Church Sound: Solving Mysteries—The Case Of The Missing Audio For Video

The Mystery Deepens
Your typical detective story has the investigator leaving the scene of the crime to return to the station where they start talking about witness, suspects, and potential leads. In my case, I did the same. That is to say, I went home.

Working through my notes the next afternoon, I decided to call a friend and fellow tech who was at the church last night. “Jeff, it’s Chris. Did you hear the messed up video last night?”

“I did,” he replied, “and I was in the sanctuary today and everything in the booth looked good.”

We had a day to go before the regular church service. Things were not looking good.

One important note; while Jeff and I knew how to run sound in our church, looking back, there was a lot we didn’t know.

The next morning, I got a text message from Jeff: “Fixed. Low-pass filter switch was on.” What low-pass filter switch? Better yet, what’s a low-pass filter?

In a follow-up email, Jeff explained that he and a few friends were out late at the church and playing together, musicians that they were, when he starting running audio through the sound system and, well, take it away Jeff:

“I was getting little to no vocals or guitar, but I was getting the bass pieces out of the drum kit clearly. All sound coming through the monitors through the Aviom system was perfect, so that signal path was good…I verified signal lights were blinking appropriately on the mixer, house EQ, Aviom and amp.
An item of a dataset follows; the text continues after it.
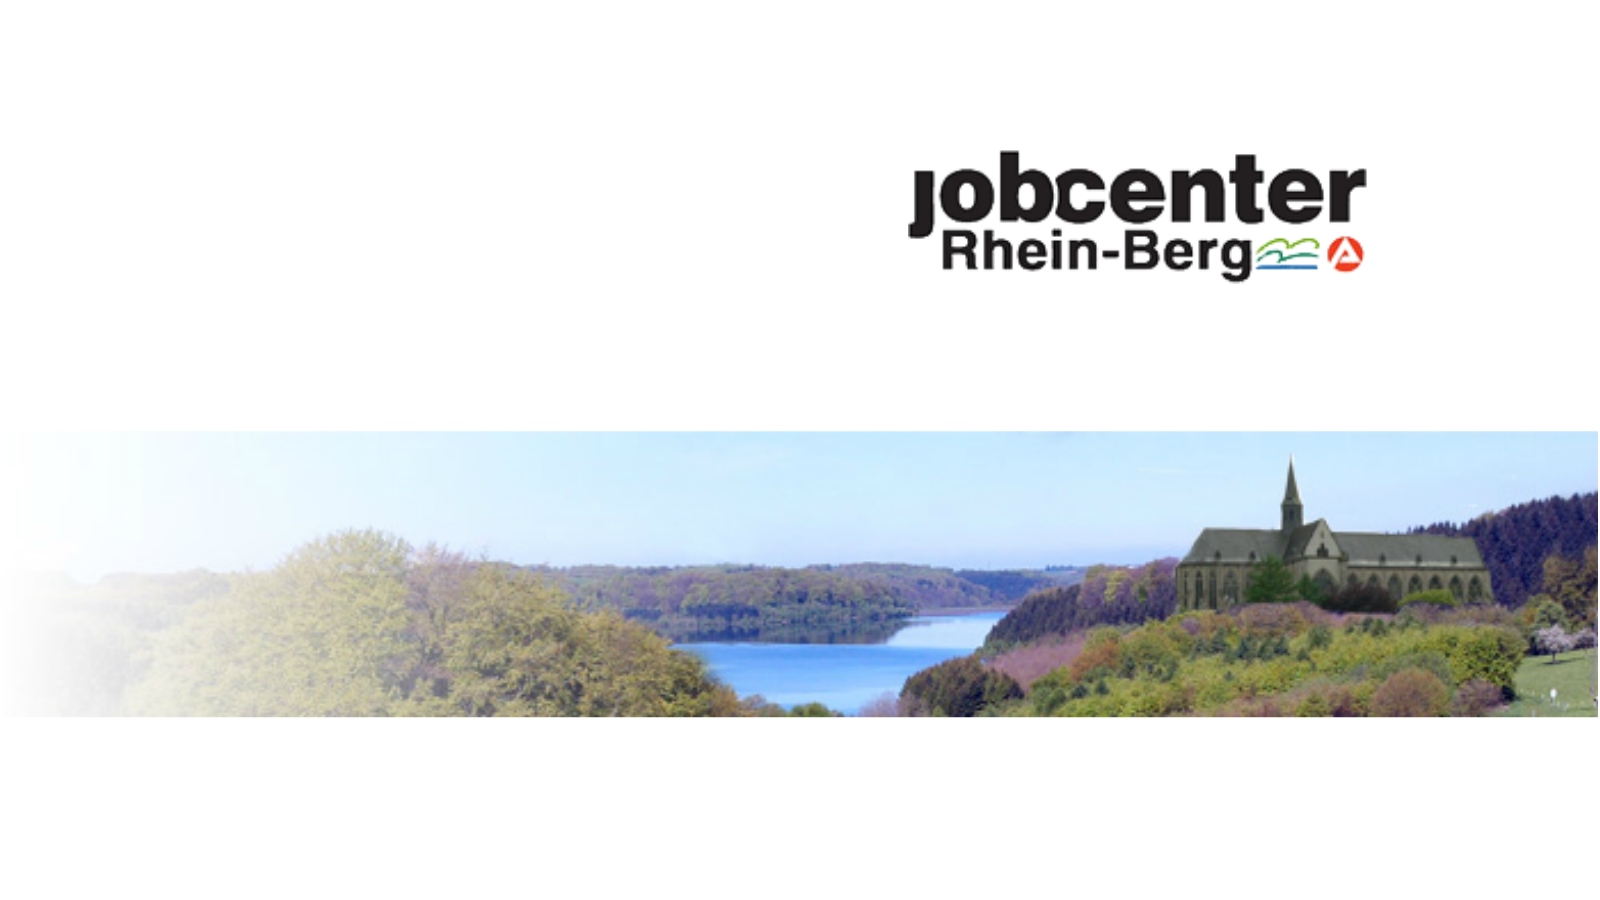 Jobcenter Rhein-Berg

All checked out. [Finally] I systematically looked at each button and knob. When I got to the [house] LPF switch I didn’t know what it was, everything else looked OK, so I tried flipping the switch, and sound was restored. It wasn’t until later that I consulted the manual to see what LPF stands for. I should have remembered…but at one in the morning the brain wasn’t working too well.”
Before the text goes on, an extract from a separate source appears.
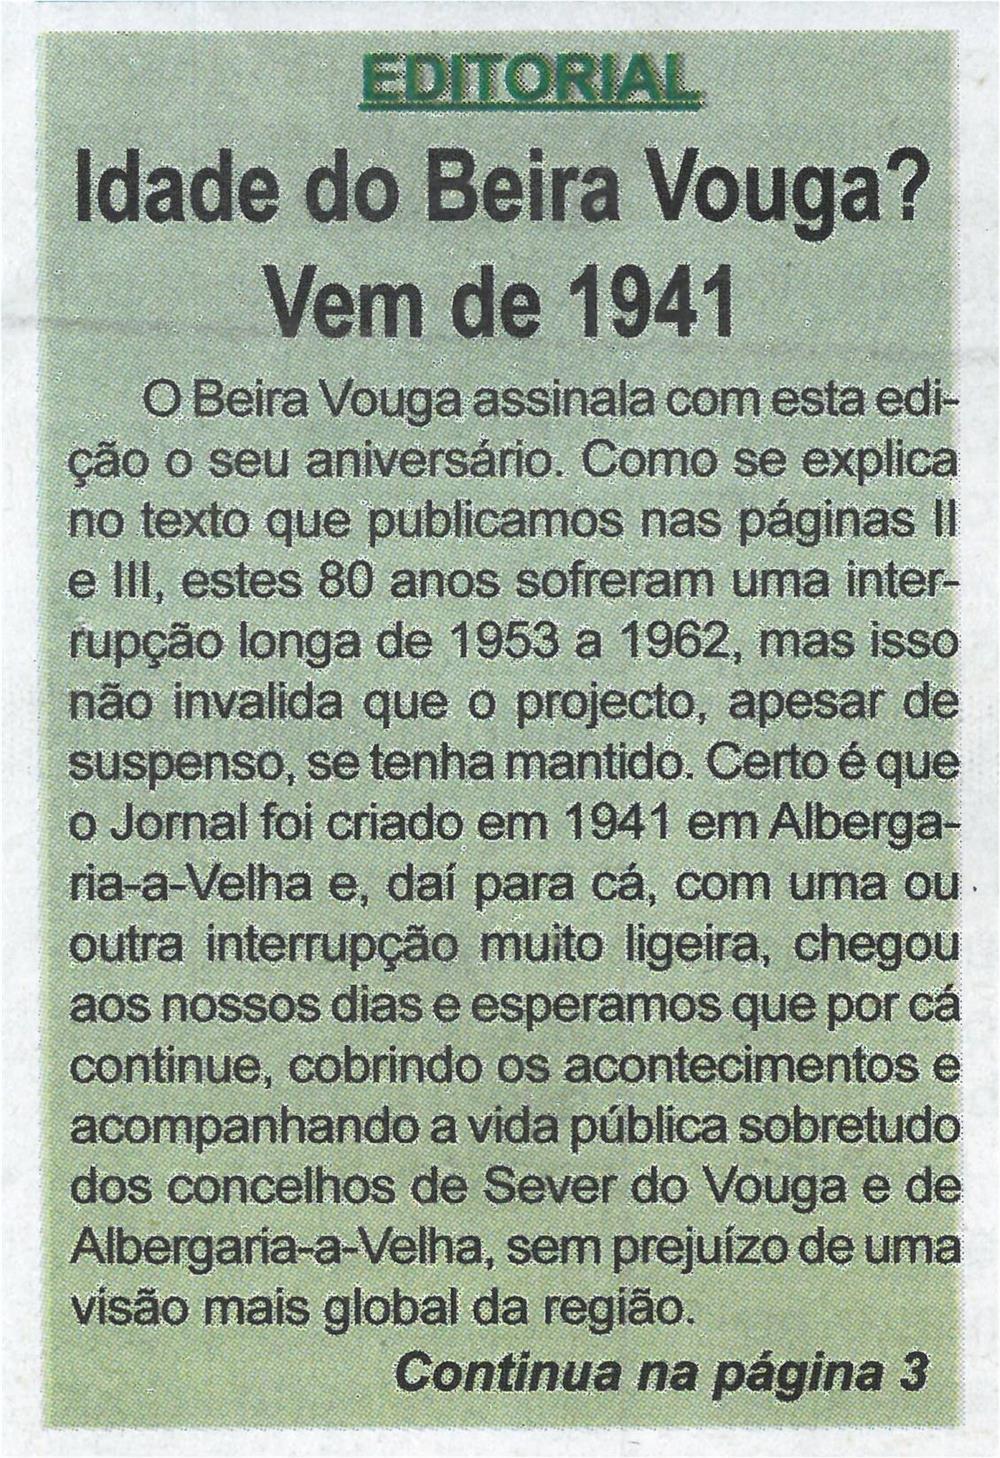 BV-1.ªjul.'21-p.1-Editorial : idade do Beira Vouga? : vem de 1941.jpg

LPF…on a board-wide master send output…ON AN ANALOG CONSOLE!?!

Lessons Learned
Our analog mixing console, a standard Mackie that many of you have used/still use, has a recessed LPF (low-pass filter) switch. While I understand why it would be recessed, still to this day I can’t imagine why it would have one. I’ve heard a reason or two but I don’t think that they’re good reasons.

There are two key bits of information to take away from this solved mystery.

—Know what every knob, switch, and setting on your console does, whether you use it or not.

—Know that sooner or later, something will get changed and by knowing the settings of your equipment, you’ll know where to look to solve the problem. I’ve seen this on everything from mixing consoles to recording units.

One mystery still remains in this story: we never did discover who flipped on the LPF switch in the first place.